O primeiro-ministro indiano, Narendra Modi, reuniu-se com o chanceler alemão, Friedrich Merz, em Gandhinagar, para fortalecer os laços comerciais entre a Índia e a Europa. Os dois líderes assinaram acordos nas áreas de comércio, energia, mineração de terras raras e desenvolvimento de competências, como parte dos esforços para aprimorar a cooperação econômica bilateral.
Modi afirmou que buscavam fortalecer o relacionamento com a Alemanha, o maior parceiro comercial da Índia na UE. Ele disse que as duas nações estão desenvolvendo novas iniciativas em áreas como energia, mineração de elementos de terras raras e ação climática.
O ministro alemão Merz afirmou que os dois países estão trabalhando ativamente em um pacto comercial bilateral para fortalecer seus laços estratégicos e econômicos. Ele enfatizou que a Índia tem um “tremendo potencial econômico” e está colaborando para aprofundar os laços de cooperação em política econômica e defesa.
O embaixador designado da Alemanha declarou: "A Índia é um parceiro desejado, um parceiro preferencial para a Alemanha". Ele observou que as negociações sobre um acordo de livre comércio devem ser concluídas para que se possa aproveitar plenamente o potencial dos laços econômicos entre a Índia e a UE.
Durante as negociações comerciais bilaterais, os dois países assinaram um acordo que facilita a contratação de indianos no setor de saúde da Alemanha.
A viagem de Merz à Índia antecede uma cúpula entre a UE e a Índia ainda este mês. Os líderes pretendem avançar com um pacto de livre comércio há muito pendente. Notavelmente, esta é a primeira viagem de Merz a um país asiático desde que assumiu o cargo no ano passado.
A Índia tem trabalhado para cultivar relações positivas com outros países a fim de estabilizar sua economia.
Em 12 de janeiro, Sergio Gor, embaixador designado dos EUA em Nova Delhi, afirmou que os dois países estão trabalhando ativamente em um pacto comercial bilateral para fortalecer seus laços estratégicos e econômicos.

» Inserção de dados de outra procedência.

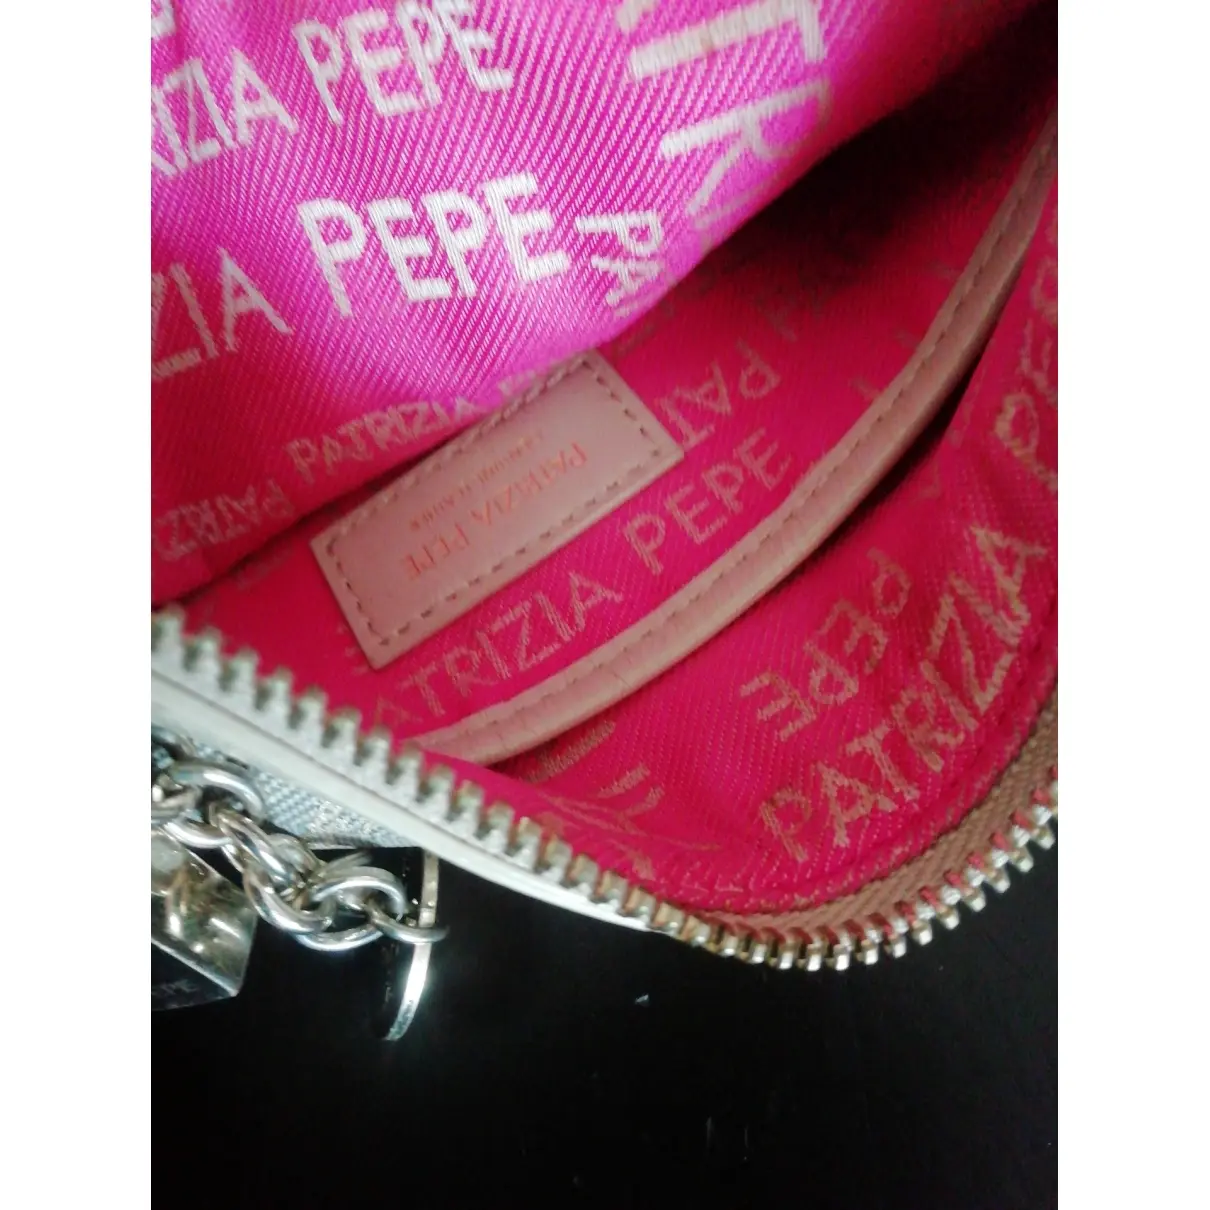 Buy Patrizia Pepe Handbag online

A relação econômica entre a Índia e os EUA se enfraqueceu depois que a Índia se tornou o segundo maior consumidor de petróleo bruto russo, atrás apenas da China, desde a invasão em larga escala da Ucrânia pela Rússia em fevereiro de 2022. Essa ação irritou o governo Trump, que acusou as compras de alimentar a máquina de guerra de Moscou.

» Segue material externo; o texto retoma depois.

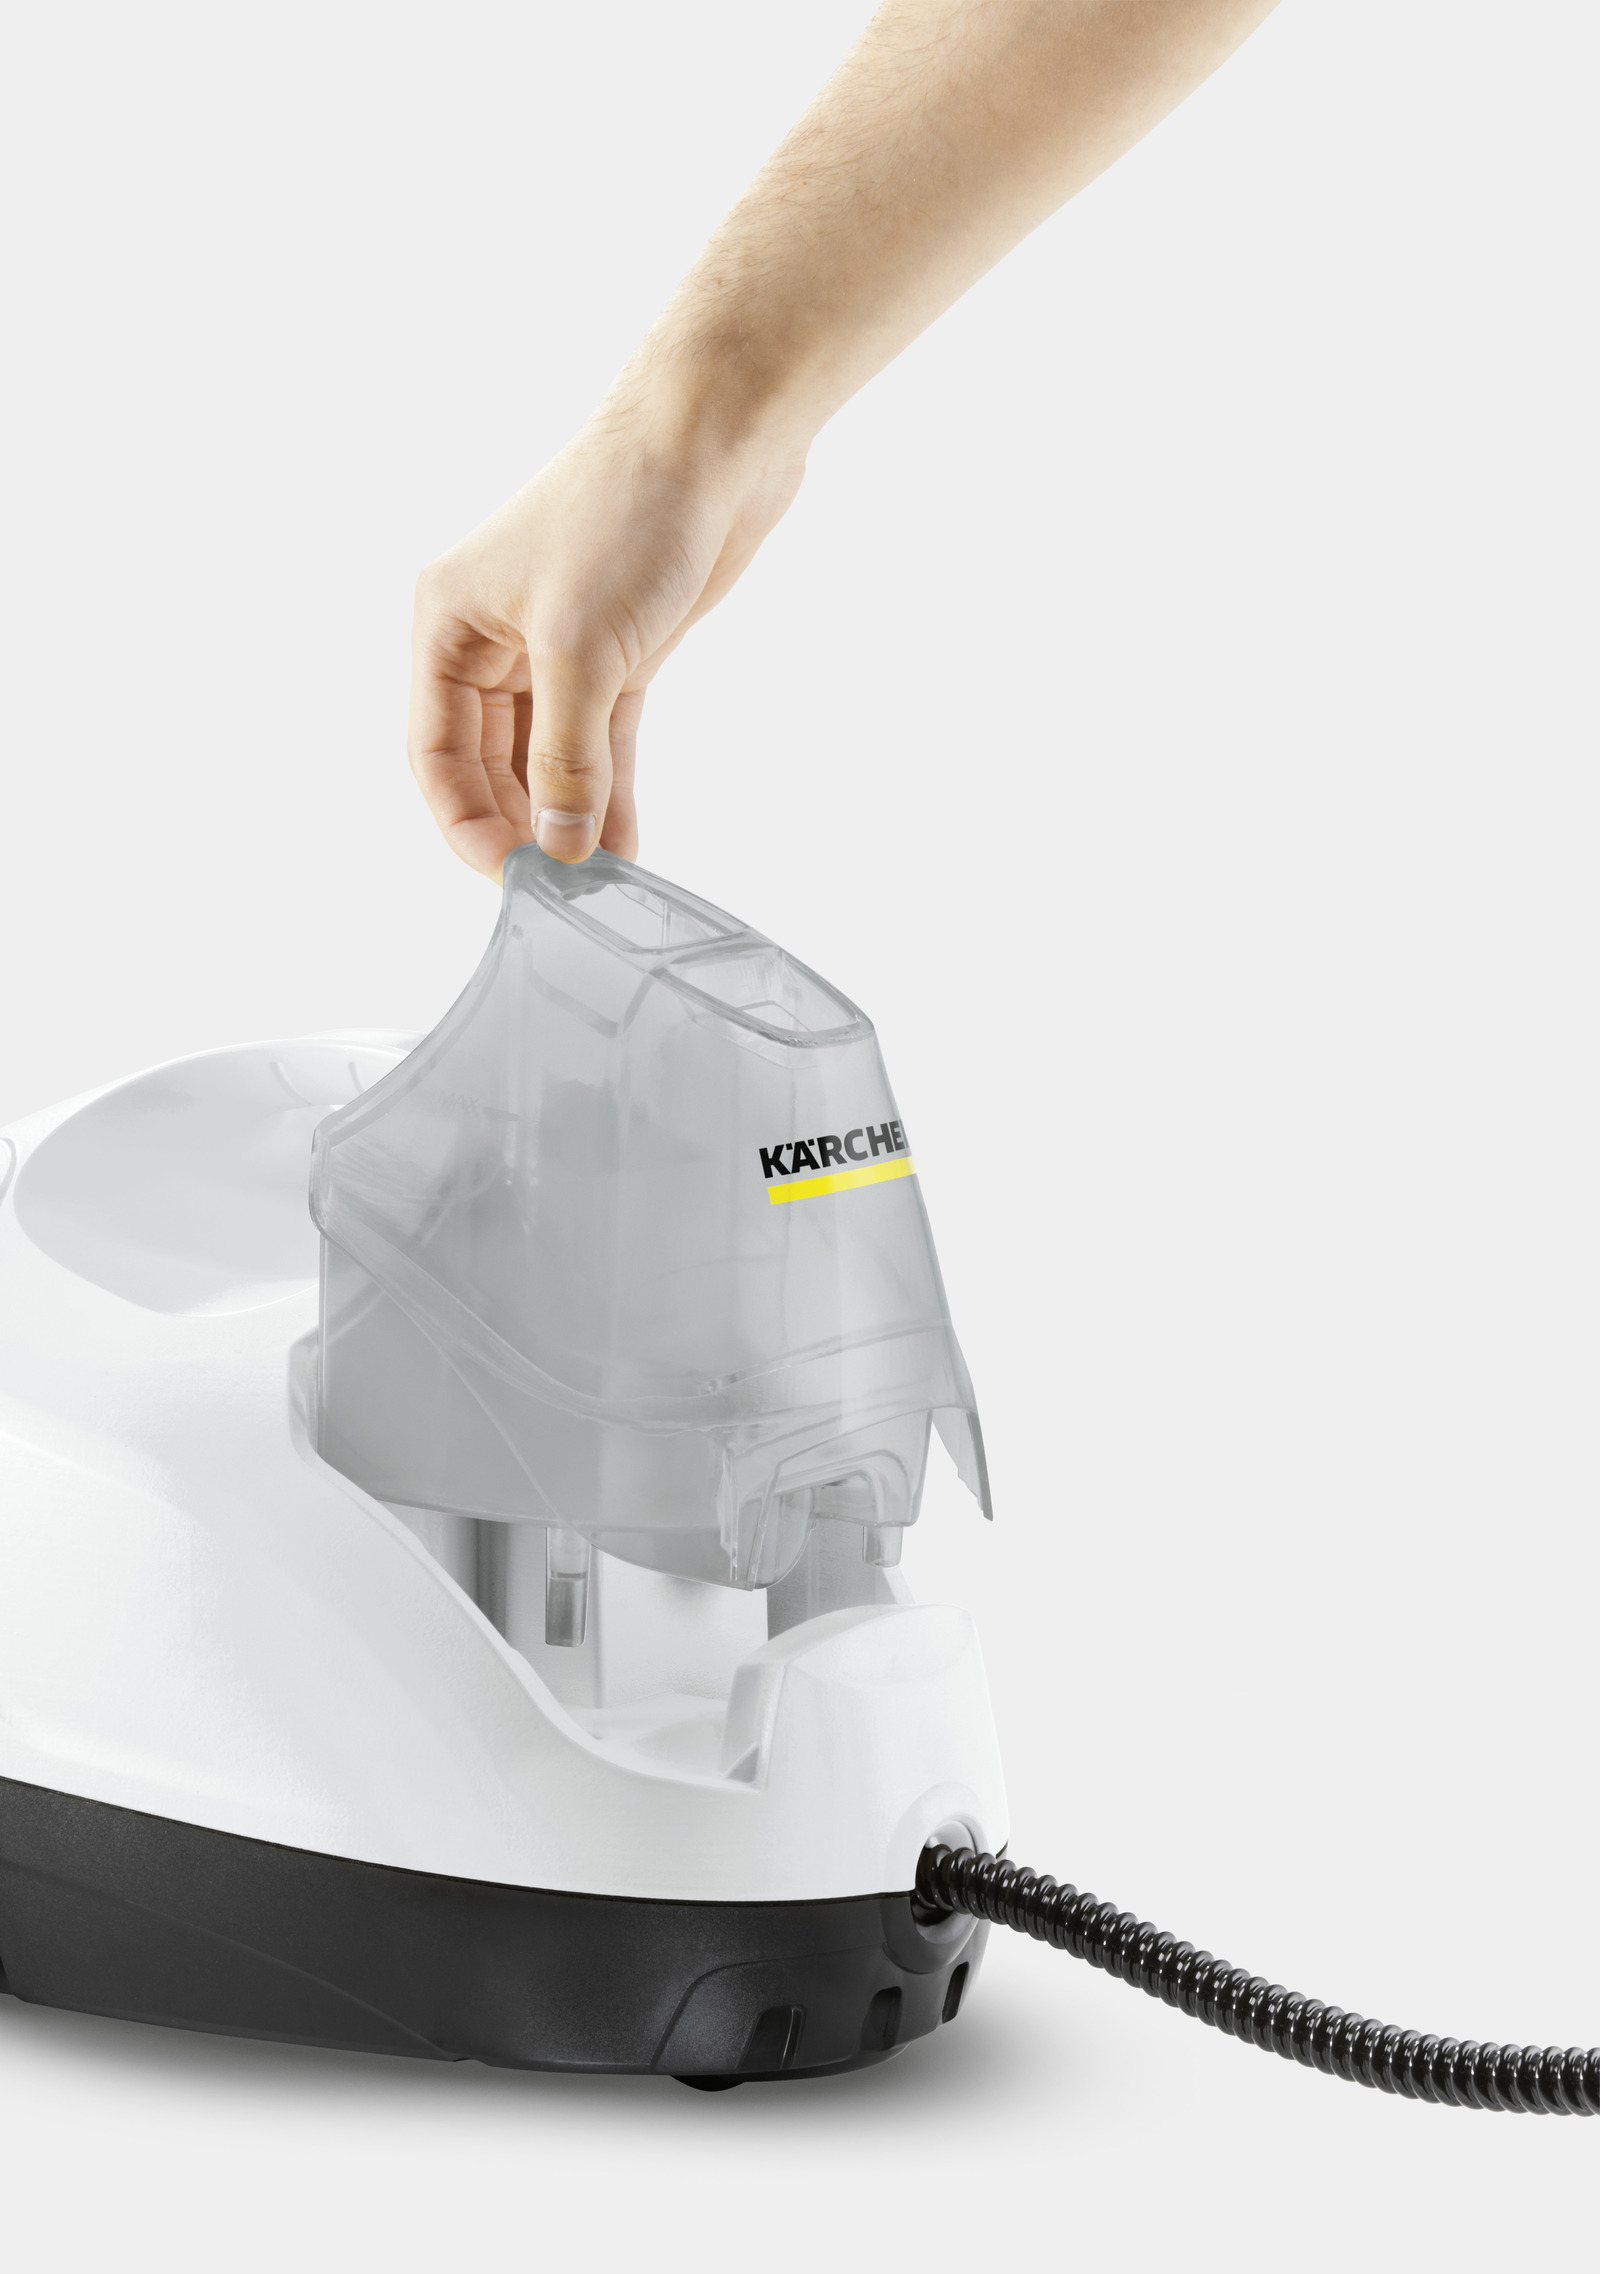 Limpiadora a vapor sin detergentes SC 4 Premium Karcher

Em agosto do ano anterior, o presidente dent Trump emitiu uma ordem executiva impondo uma taxa adicional de 25% sobre a Índia em suas compras de petróleo russo, elevando o total de tarifas cobradas pelos EUA para 50%.
“Amigos de verdade podem discordar, mas sempre resolvem suas diferenças no final”, disse Gor em um discurso no seu primeiro dia de trabalho na Embaixada dos EUA. “Lembrem-se, a Índia é a maior nação do mundo, então não é uma tarefa fácil chegar a um acordo, mas estamos determinados a conseguir.”
Gor, que também é o enviado especial dos EUA para o Sul e Centro da Ásia, anunciou que a Índia será formalmente convidada no próximo mês a participar de uma iniciativa estratégica liderada pelos EUA chamada Pax Silica, como parte de uma parceria mais ampla.
No ano passado, o Cryptopolitan noticiou que Xu Feihong, embaixador de Pequim na Índia, afirmou que, numa tentativa de equilibrar a relação comercial, Pequim planejava comprar mais produtos indianos adequados ao mercado chinês.
O anúncio coincidiu com a preparação do governo dos EUA para impor tarifas recíprocas a nações de todo o mundo, com foco na China e na Índia devido ao que Trump considera "práticas comerciais desleais"
Xu Feihong afirmou que o governo chinês estava disposto a trabalhar com o lado indiano para fortalecer a cooperação prática no comércio.
No setor de turismo, o governo indiano permitiu que turistas chineses obtivessem vistos de turista após anos de restrições. A China continua sendo o segundo maior parceiro econômico da Índia, depois dos Estados Unidos, e fornece peças essenciais para o setor industrial do país.
Em julho do ano passado, Modi se reuniu com o presidente dent Inácio Lula da Silva no Brasil para impulsionar o comércio entre os dois países. Os dois líderes concordaram, durante uma ligação telefônica em agosto, em ampliar o acordo comercial da Índia com o Mercosul, o bloco comercial sul-americano que inclui o Brasil.